Your Fool-Proof Guide to Nighttime Aches and Pains

Some of us find it difficult to sleep at the best of times, let alone when our bodies are riddled with aches and pains. Lower back and neck pain can be two annoyances that prevent us from getting a good night’s rest, meaning we wake up the next morning groggy and miserable, not rested and rejuvenated.

Luckily, there are some simple solutions that can help you get the rest you deserve. In this article, we will cover:

  • The link between body pain and sleep
  • How to sleep with lower back pain
  • How to relieve neck pain from sleeping

Without further ado, let’s explore the link between body pain and sleep!

How Body Pain Relates to Sleep

If you’ve ever experienced body pain before, you’ll know about the havoc it can reap on your sleep. If you suffer from chronic pain, sleep disturbances are all too common.

Approximately 30% of adults experience chronic pain in their lives and 20% of these report disruptions in their sleep. That’s over 66%! When you compare this to the 7.4% of the general population that report sleep disturbances, you can begin to see the true state of the impact chronic pain can have on our shuteye.

How to Sleep with Lower Back Pain

Sleeping with lower back pain isn’t easy, but it is possible. By following these four top tips, you can give yourself the best possible chance of getting a good night’s sleep:

1.     Stop sleeping on your stomach!

Sleeping on your stomach is a surefire way to ensure sleep disruptions throughout the night. Why? Well, sleeping on your stomach puts your body under a lot of strain. When you sleep on your belly, your stomach naturally sinks into your mattress, which then compresses your spine. Over time, your spine will move out of its natural alignment, causing you aches and pains down the line.

2.     Pick Your Mattress Wisely

Super squidgy and rock-hard mattresses are definite no-nos when dealing with lower back pain. Instead, choose a mattress with a medium firmness – this will give you an adequate amount of back support and respect the natural alignment of your spine, meaning no back pain for you!

3.     Keep to a Consistent Nighttime Routine

Much to many people’s surprise, a consistent nighttime routine can work wonders for lower back pain. Ensure you exercise regularly, stop drinking caffeine in the afternoon, and go to sleep and wake up at the same time each day. These practices help to maximise our lower back health by improving our sleep quality.

4.     Sleep on Your Left Side

Sleeping on your left-hand side is not only supposedly the comfiest, but it’s also better for your body (including your lower back!). Sleeping on your left side ensures your stomach and the gastric juices it contains are lower than your oesophagus, which is the recipe for a much more comfortable night’s sleep.

Combine left-side sleeping with placing a pillow in between your knees, and bed will never have felt comfier! This position prevents back strain, as it perfectly suits the natural curve of your spine!

How to Relieve Neck Pain from Sleeping

Ever woken up to the excruciating pain of cramp in your neck? Perhaps you often sleep on your neck funny, frequently noticing a twinge in your neck throughout the day. Both of these scenarios suggest that your neck is uncomfortable during the night. To ensure your neck feels A-OK when you wake, consider these four key points:

1.     Picking the Right Pillow Is Key!

When choosing a pillow, don’t opt for the cheapest one you set your sights on. Instead, prioritise pillows that respect the natural curve of your neck, supporting it all night through.

Top tip: Look for a contoured memory foam pillow. These provide optimal neck and cervical spine support, making you less likely to wake up with aches and pains.

2.     Steer Clear of Pillow No. 2

Sometimes, one pillow doesn’t feel like enough. So, what do we do? We reach for pillow number two. Unfortunately, this habit is no good for our necks. Stacking our pillows secures our necks in an awkward, bent position, causing pain and strain over time.

3.     Sleep on Your Back

If you frequently get back pain, sleeping on your back may be a quick and easy solution. This helps to ensure your neck and spine are straight, preventing neck strain. For additional support, add a rolled-up towel beneath your neck or invest in a little cylindrical pillow.

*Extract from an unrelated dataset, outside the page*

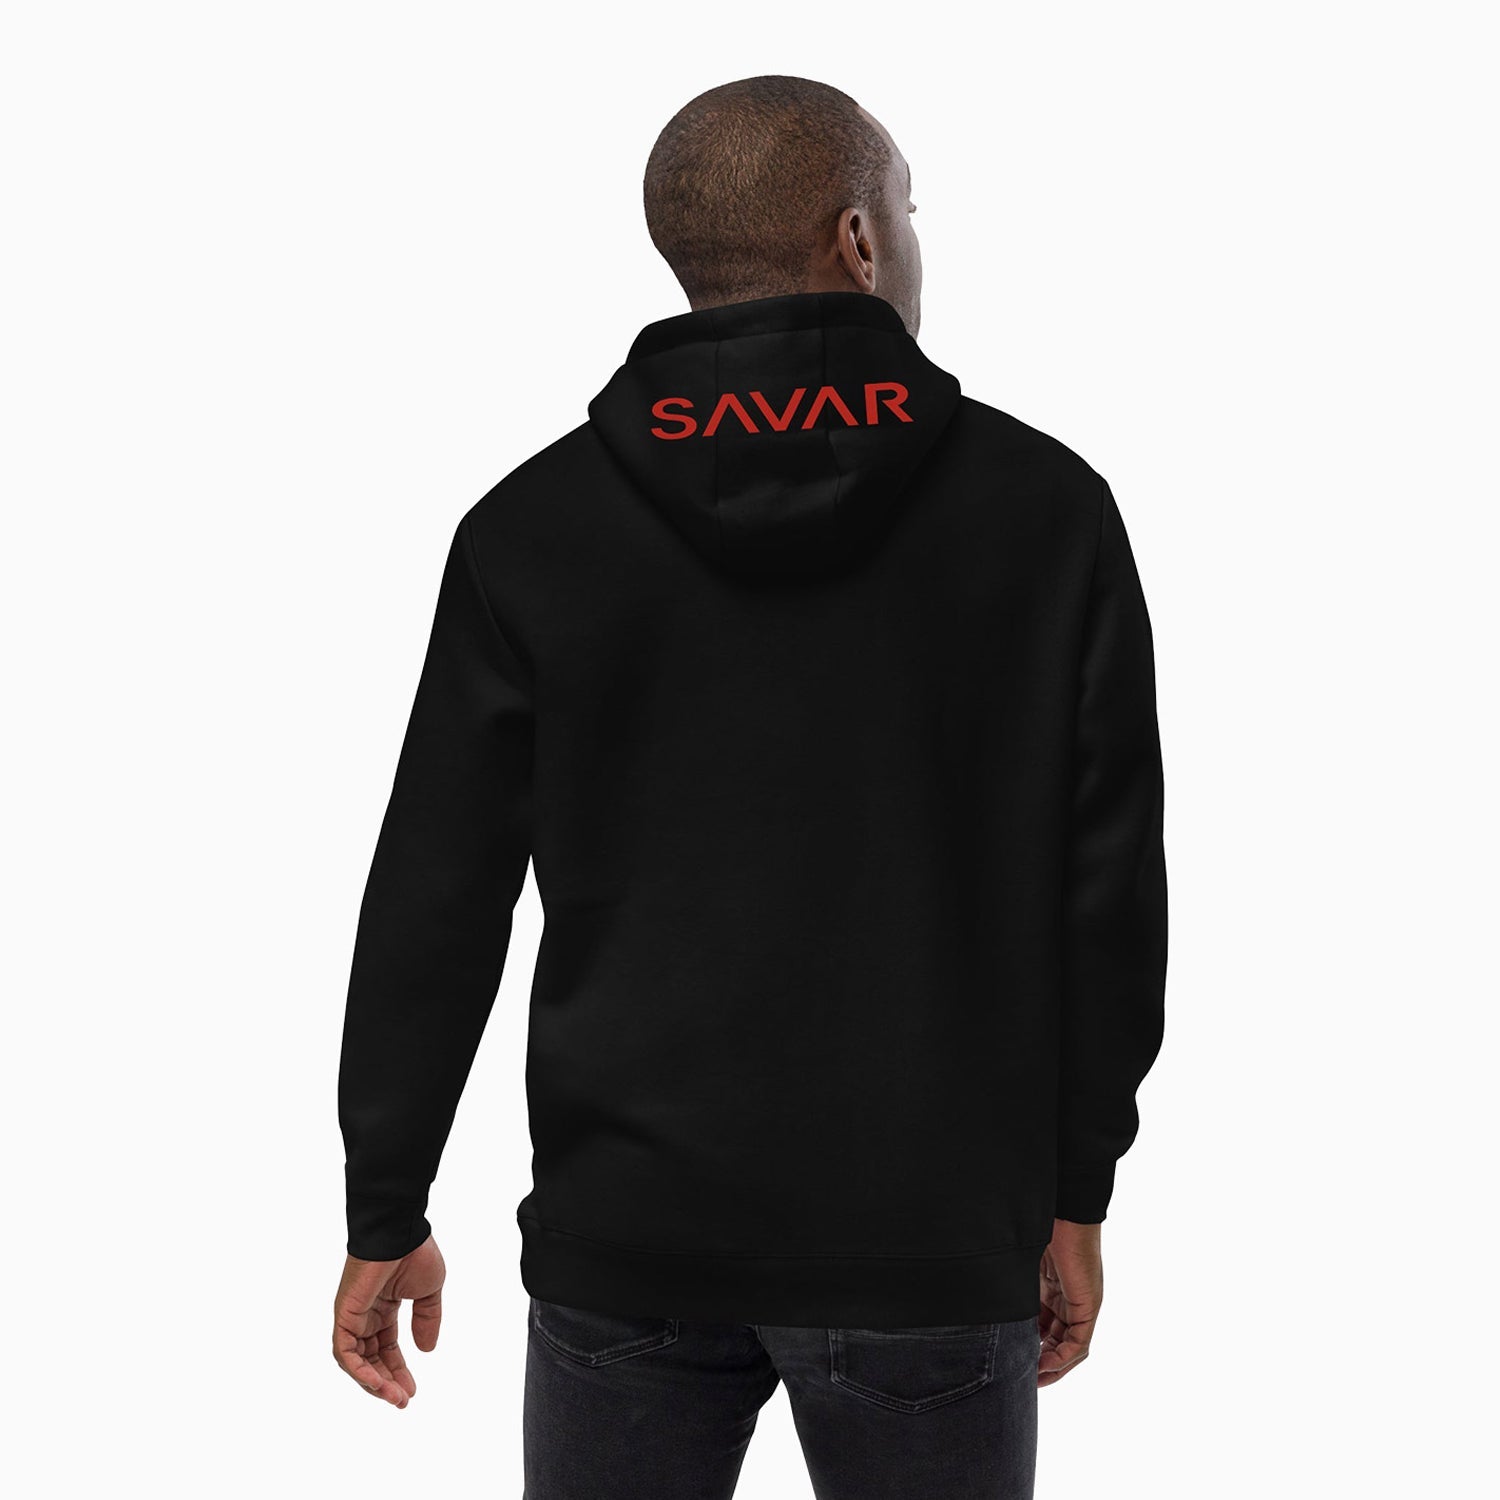 emblem-design-printed-pull-over-black-hoodie-for-men-sh103-010

4.     Add Stretches to Your Nighttime Routine

Stretches are a practice we often hear talked about but rarely take up ourselves. However, gentle nighttime stretches are exceptional at relieving tension built up from the day, which can help prevent us from scrunching up our bodies at night.

Final Verdict on Nighttime Aches & Pains

Experiencing frequent nighttime aches and pains? These can cause severe discomfort, not only through the night but also during the day. Luckily, there are ways to prevent lower back and neck pain. Follow the simple strategies outlined in this guide to lower your risk of lower back and neck aches and pains for good!